Monoterapia com aspirina vs. clopidogrel um mês após a SCA. Análise de subgrupos segundo risco de sangramento e tipo de IAM

Os guias atuais continuam recomendando a terapia antiplaquetária dual (DAPT) durante 12 meses após uma intervenção coronariana percutânea (PCI) como regime padrão em pacientes com síndrome coronariana aguda (SCA). Como estratégia alternativa também é contemplada a monoterapia com aspirina ou com um inibidor do P2Y12 depois de um DAPT de curta duração (1-6 meses) para reduzir o risco de sangramento. Contudo, a escolha entre aspirina ou um inibidor de P2Y12 como monoterapia até um ano depois da PCI se baseia nos regimes avaliados em ensaios clínicos prévios, sem que até agora a monoterapia com aspirina tenha sido comparada diretamente com o clopidogrel após um DAPT curto em pacientes com SCA. 

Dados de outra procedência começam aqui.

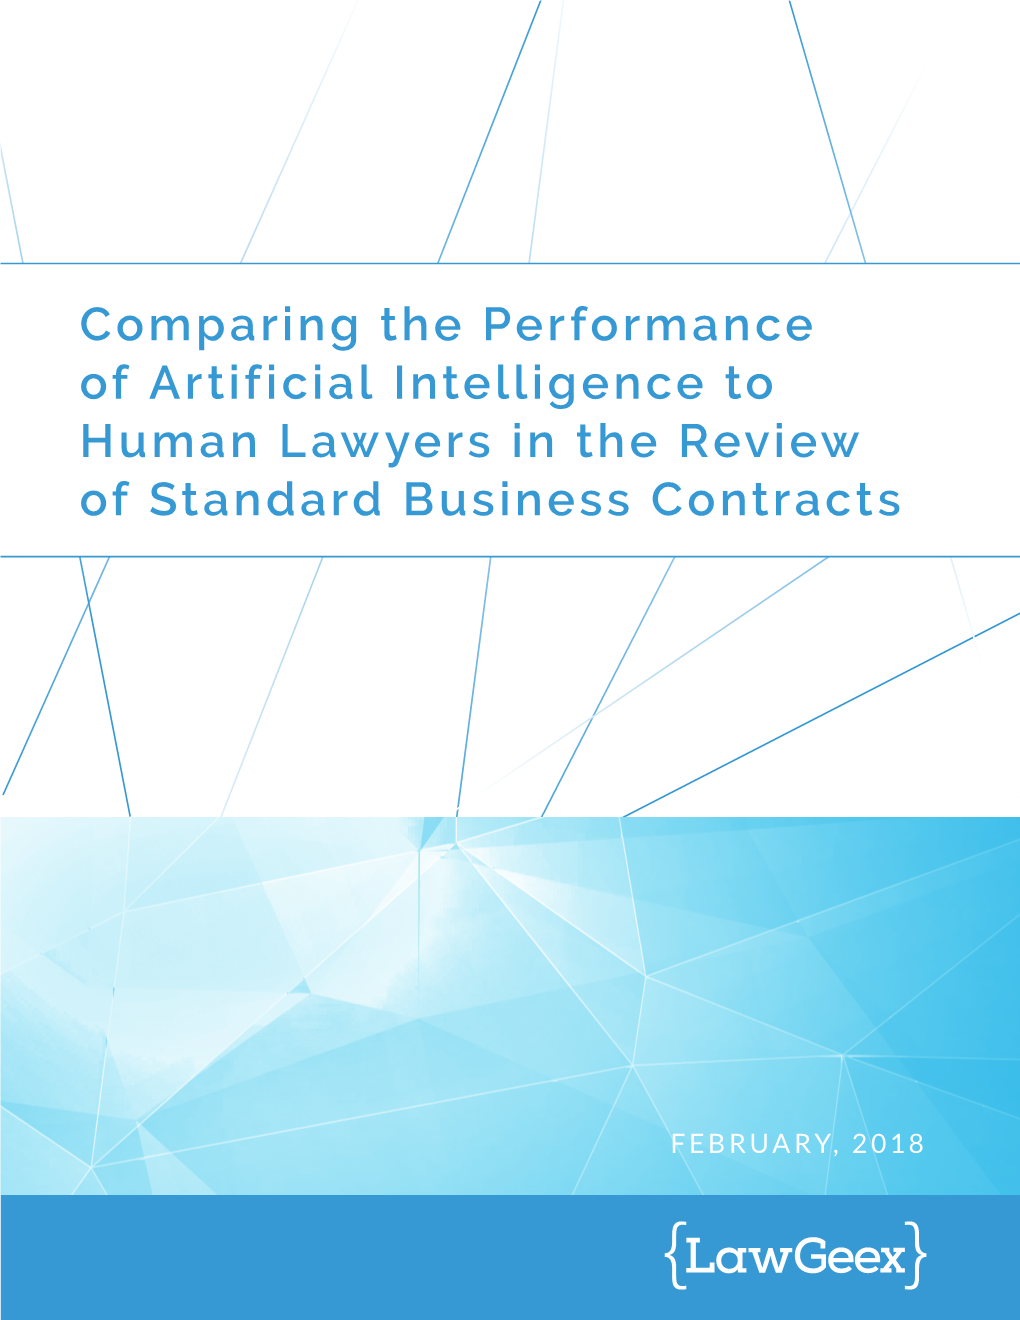 Comparing the Performance of Artificial Intelligence to Human Lawyers in the Review of Standard Business Contracts
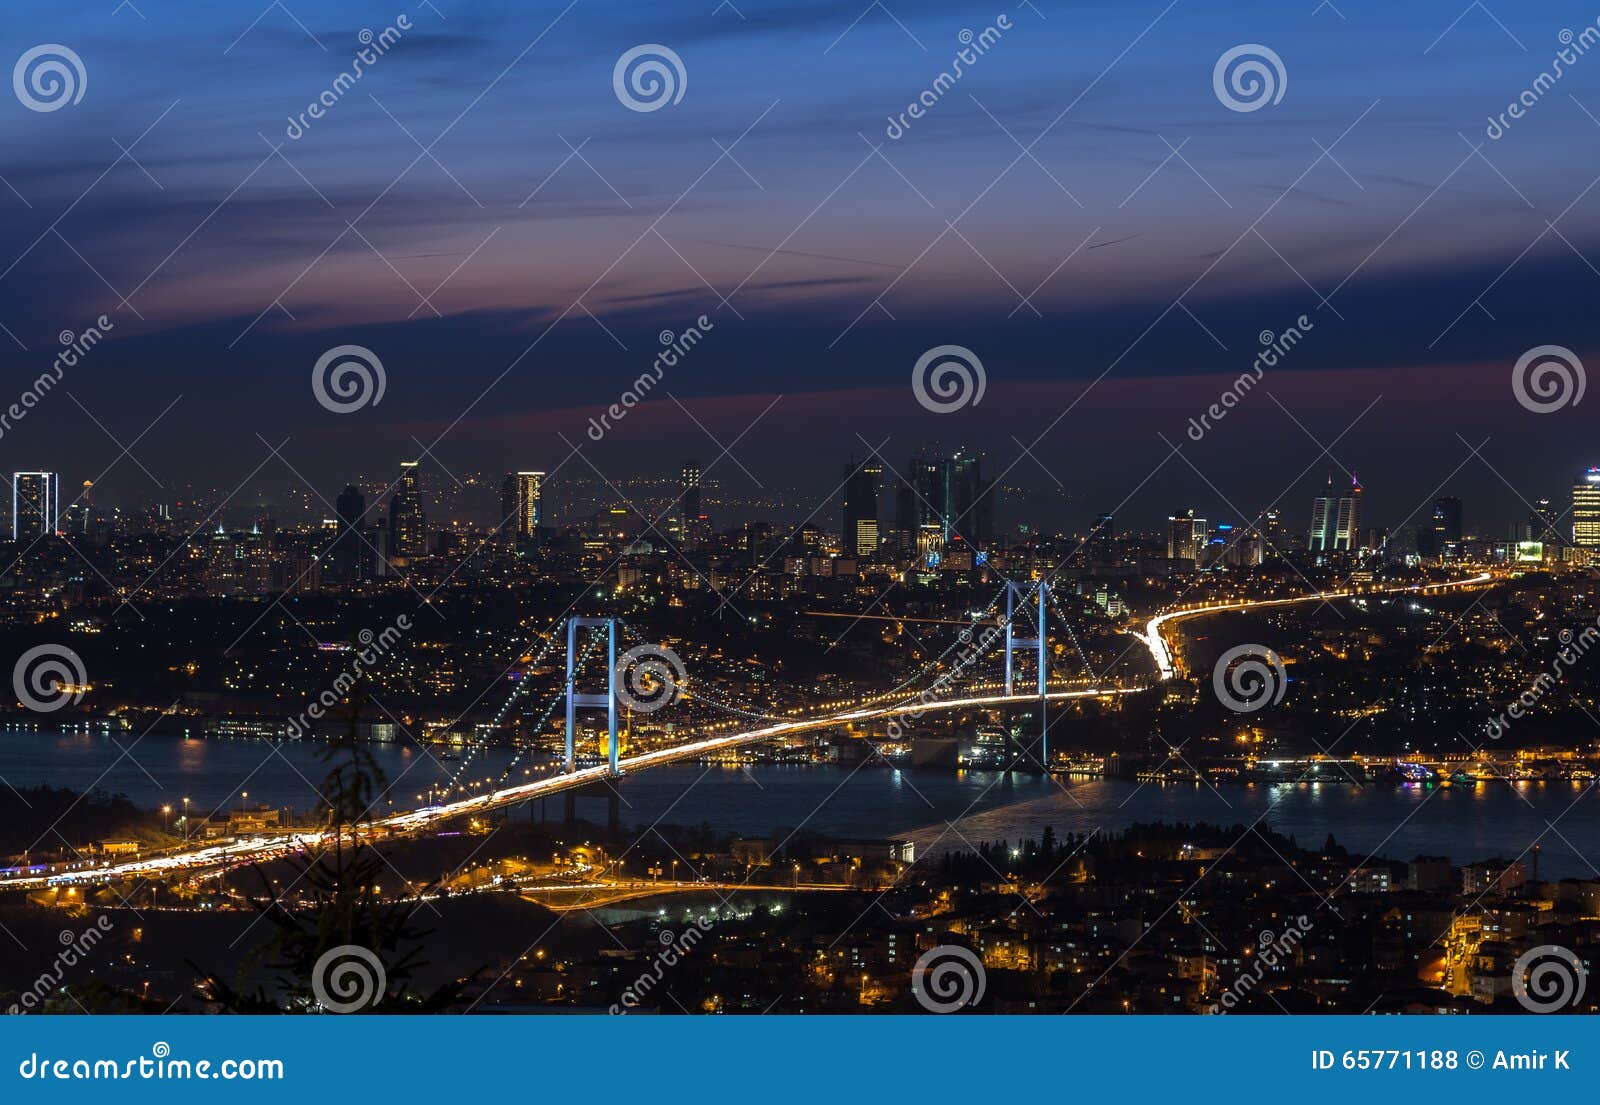 istanbul at night picture

Para definir estratégias antiplaquetárias adequadas, devem ser considerados dois fatores chave: o alto risco de sangramento (ARS) e o tipo de SCA (infarto agudo do miocárdio com elevação do ST [IAMCEST] e sem elevação do ST [IAMSEST]). Recentemente foram publicados os resultados do seguimento de um ano do ensaio STOPDAPT-3 (Duração curta e ótima da terapia antiplaquetária dual-3), que mostraram que a monoterapia com aspirina em comparação com clopidogrel apresentou riscos cardiovasculares e hemorrágicos similares entre o primeiro mês e um ano após a PCI. 

O objetivo desta subanálise do estudo STOPDAPT-3 (multicêntrico e randomizado) foi avaliar os efeitos da monoterapia com aspirina vs. clopidogrel em pacientes com SCA, por meio de uma análise de subgrupos segundo a presença ou ausência de ARS e o tipo de IAM (IAMCEST ou IAMSEST). 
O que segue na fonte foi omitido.